Enes Özeren

CL
h-index70
4papers
8citations
Novelty36%
AI Score37

4 Papers

CLApr 21, 2025
HYPEROFA: Expanding LLM Vocabulary to New Languages via Hypernetwork-Based Embedding Initialization

Enes Özeren, Yihong Liu, Hinrich Schütze

Many pre-trained language models (PLMs) exhibit suboptimal performance on mid- and low-resource languages, largely due to limited exposure to these languages during pre-training. A common strategy to address this is to introduce new tokens specific to the target languages, initialize their embeddings, and apply continual pre-training on target-language data. Among such methods, OFA (Liu et al., 2024a) proposes a similarity-based subword embedding initialization heuristic that is both effective and efficient. However, OFA restricts target-language token embeddings to be convex combinations of a fixed number of source-language embeddings, which may limit expressiveness. To overcome this limitation, we propose HYPEROFA, a hypernetwork-based approach for more adaptive token embedding initialization. The hypernetwork is trained to map from an external multilingual word vector space to the PLMs token embedding space using source-language tokens. Once trained, it can generate flexible embeddings for target-language tokens, serving as a good starting point for continual pretraining. Experiments demonstrate that HYPEROFA consistently outperforms random initialization baseline and matches or exceeds the performance of OFA in both continual pre-training convergence and downstream task performance. We make the code publicly available.

CLNov 26, 2025
Reinforcement Learning for Latent-Space Thinking in LLMs

Enes Özeren, Matthias Aßenmacher

Chain-of-Thought (CoT) reasoning typically utilizes the discrete language space for thinking, which is inherently inefficient, as many generated tokens only enforce linguistic rules that are not required for reasoning. To bypass this, latent-space thinking allows models to think using the continuous embedding space. While existing methods for training those models show domain-specific gains, they fail to maintain performance in complex tasks, such as mathematical reasoning. We experimentally demonstrate that the Coconut approach, a form of supervised fine-tuning for latent-space thinking, is highly sensitive to design choices and exhibits several inherent limitations. To address these issues, we investigate reinforcement learning (RL) techniques -- an underexplored direction in latent-space thinking -- including GRPO and design a novel Latent RL method for directly optimizing the latent thinking steps. Our experimental results reveal that these RL-trained models still lag behind traditional language-space CoT models in the mathematical reasoning domain. We make our codebase publicly available.

CLJun 11, 2025
Enhancing Traffic Accident Classifications: Application of NLP Methods for City Safety

Enes Özeren, Alexander Ulbrich, Sascha Filimon et al.
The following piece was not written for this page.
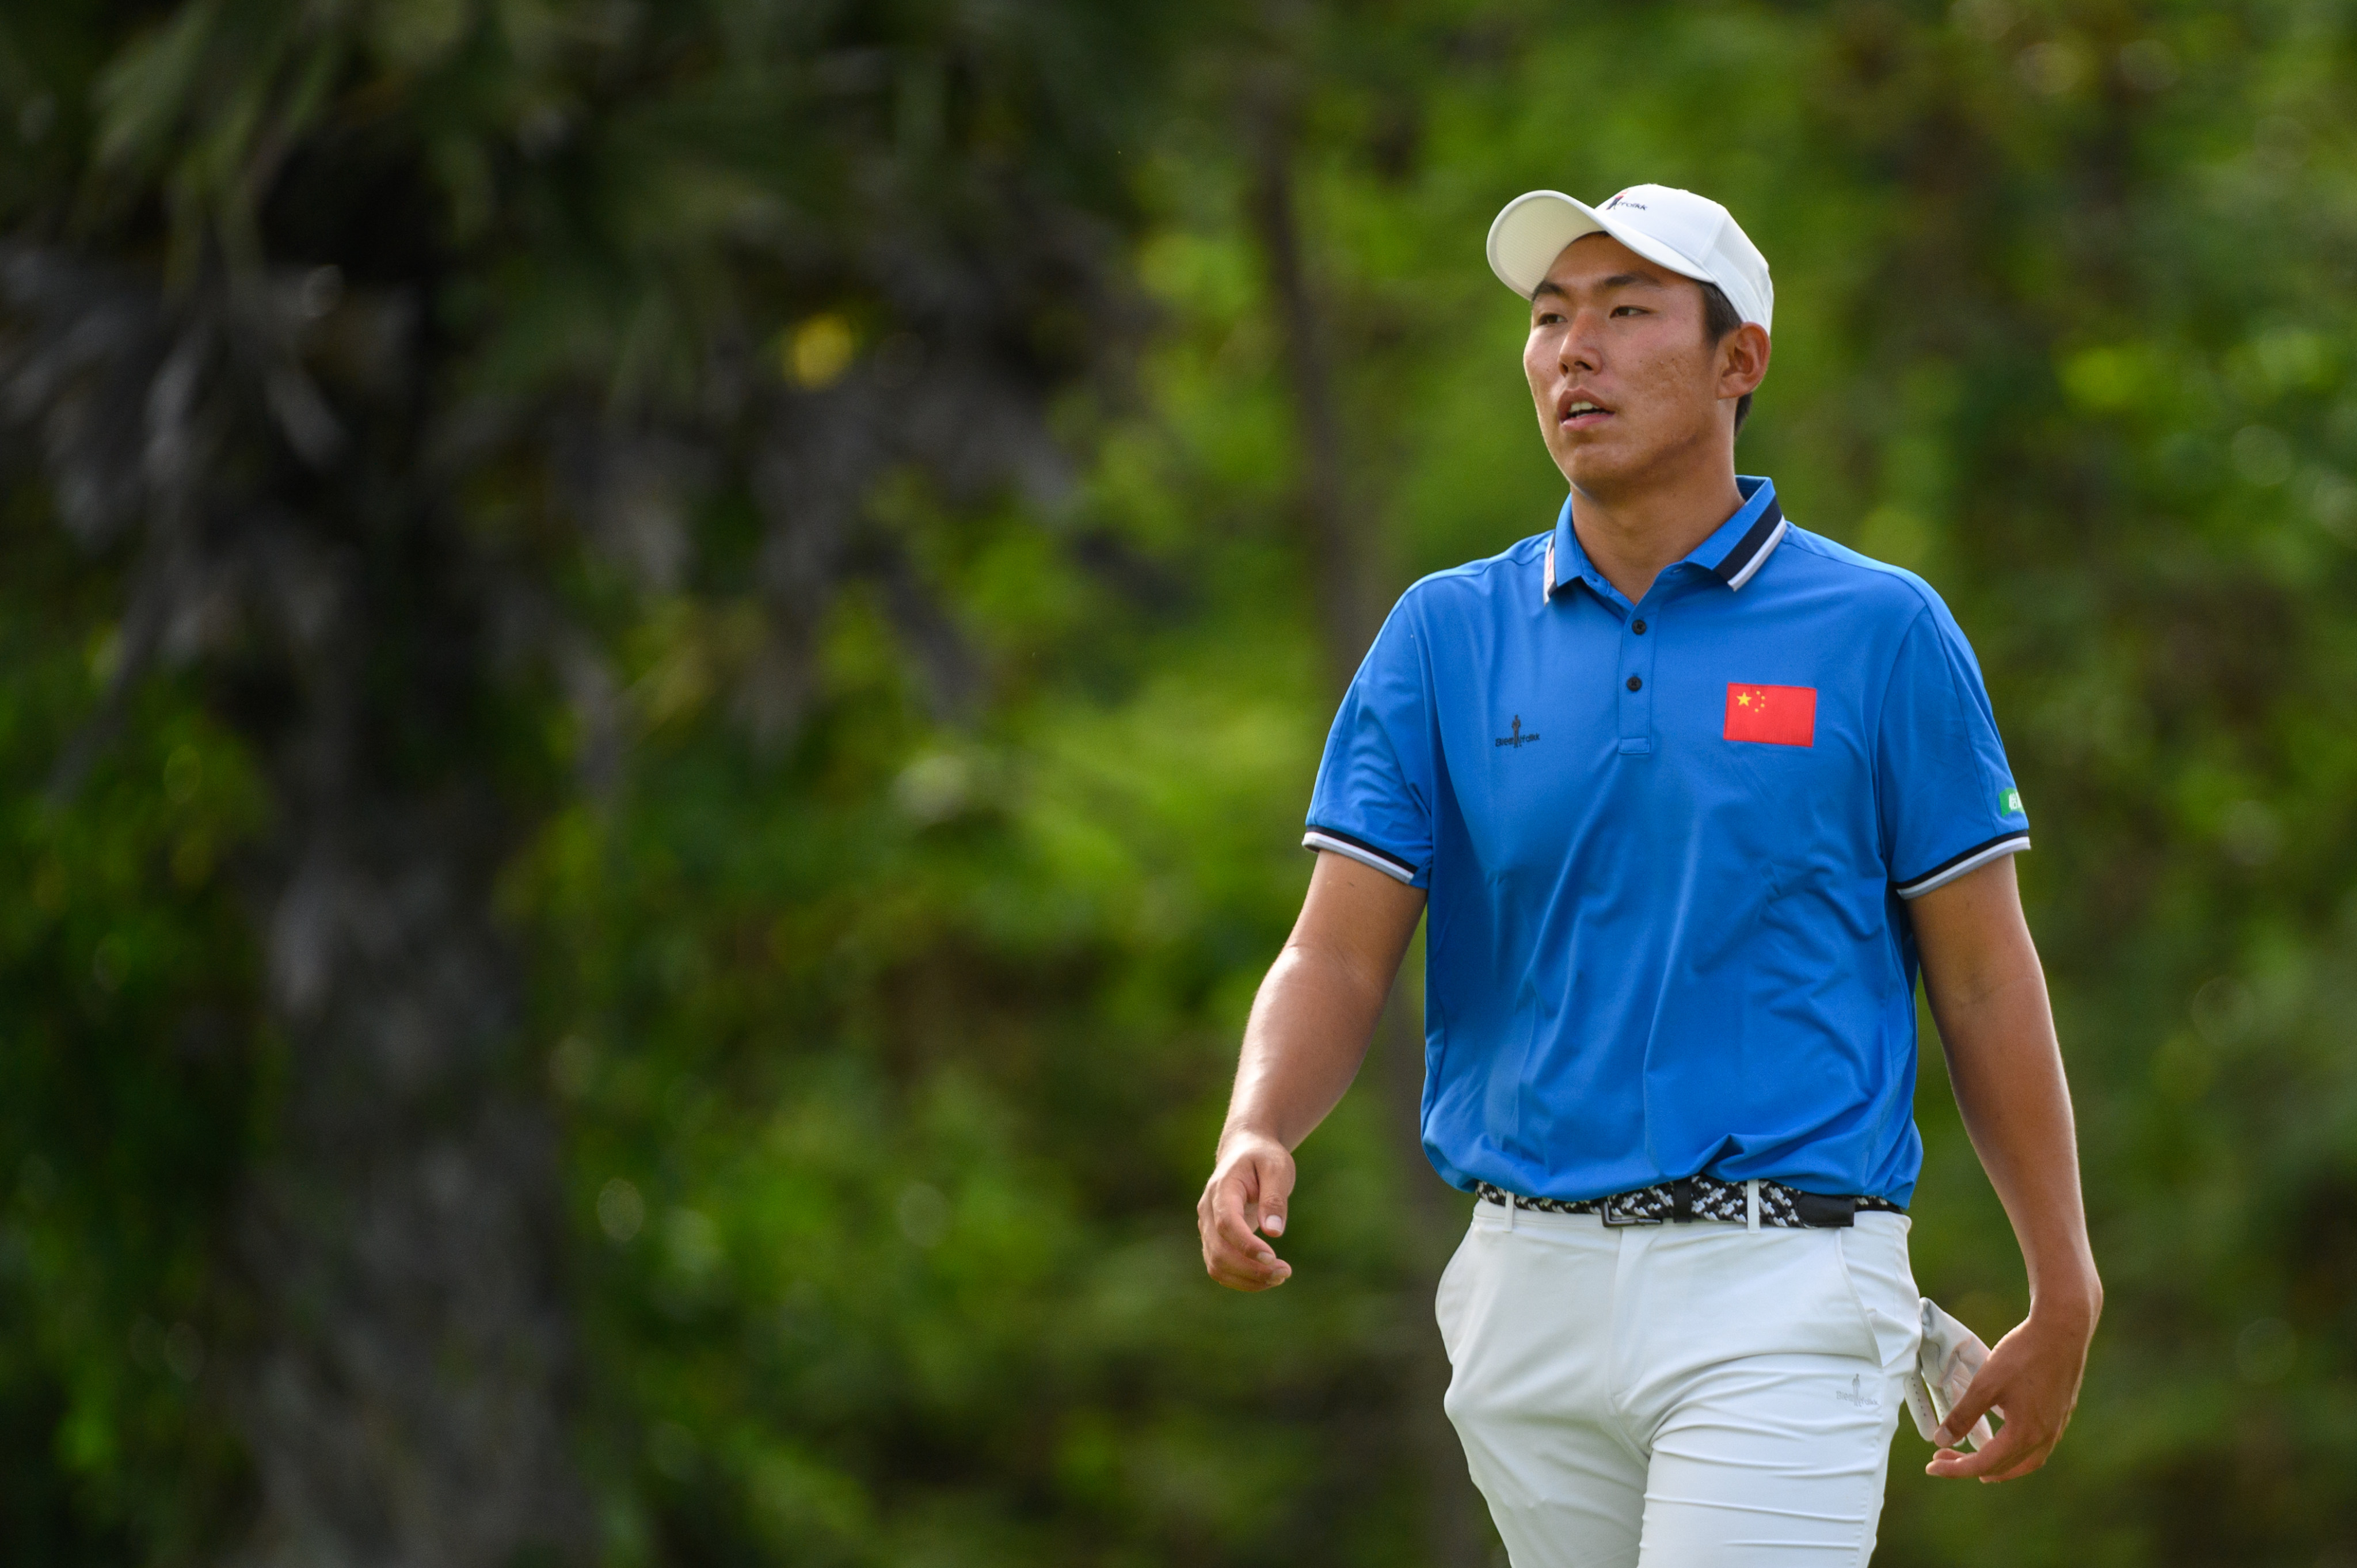 Bo Jin of China walks down the fairway in Round 1 of the 2022 Asia-Pacific Amateur Championship at the Amata Spring Country Club in Thailand. Photos: AAC

A comprehensive understanding of traffic accidents is essential for improving city safety and informing policy decisions. In this study, we analyze traffic incidents in Munich to identify patterns and characteristics that distinguish different types of accidents. The dataset consists of both structured tabular features, such as location, time, and weather conditions, as well as unstructured free-text descriptions detailing the circumstances of each accident. Each incident is categorized into one of seven predefined classes. To assess the reliability of these labels, we apply NLP methods, including topic modeling and few-shot learning, which reveal inconsistencies in the labeling process. These findings highlight potential ambiguities in accident classification and motivate a refined predictive approach. Building on these insights, we develop a classification model that achieves high accuracy in assigning accidents to their respective categories. Our results demonstrate that textual descriptions contain the most informative features for classification, while the inclusion of tabular data provides only marginal improvements. These findings emphasize the critical role of free-text data in accident analysis and highlight the potential of transformer-based models in improving classification reliability.

CVMar 12, 2025
Evaluating the Impact of Synthetic Data on Object Detection Tasks in Autonomous Driving

Enes Özeren, Arka Bhowmick

The increasing applications of autonomous driving systems necessitates large-scale, high-quality datasets to ensure robust performance across diverse scenarios. Synthetic data has emerged as a viable solution to augment real-world datasets due to its cost-effectiveness, availability of precise ground-truth labels, and the ability to model specific edge cases. However, synthetic data may introduce distributional differences and biases that could impact model performance in real-world settings. To evaluate the utility and limitations of synthetic data, we conducted controlled experiments using multiple real-world datasets and a synthetic dataset generated by BIT Technology Solutions GmbH. Our study spans two sensor modalities, camera and LiDAR, and investigates both 2D and 3D object detection tasks. We compare models trained on real, synthetic, and mixed datasets, analyzing their robustness and generalization capabilities. Our findings demonstrate that the use of a combination of real and synthetic data improves the robustness and generalization of object detection models, underscoring the potential of synthetic data in advancing autonomous driving technologies.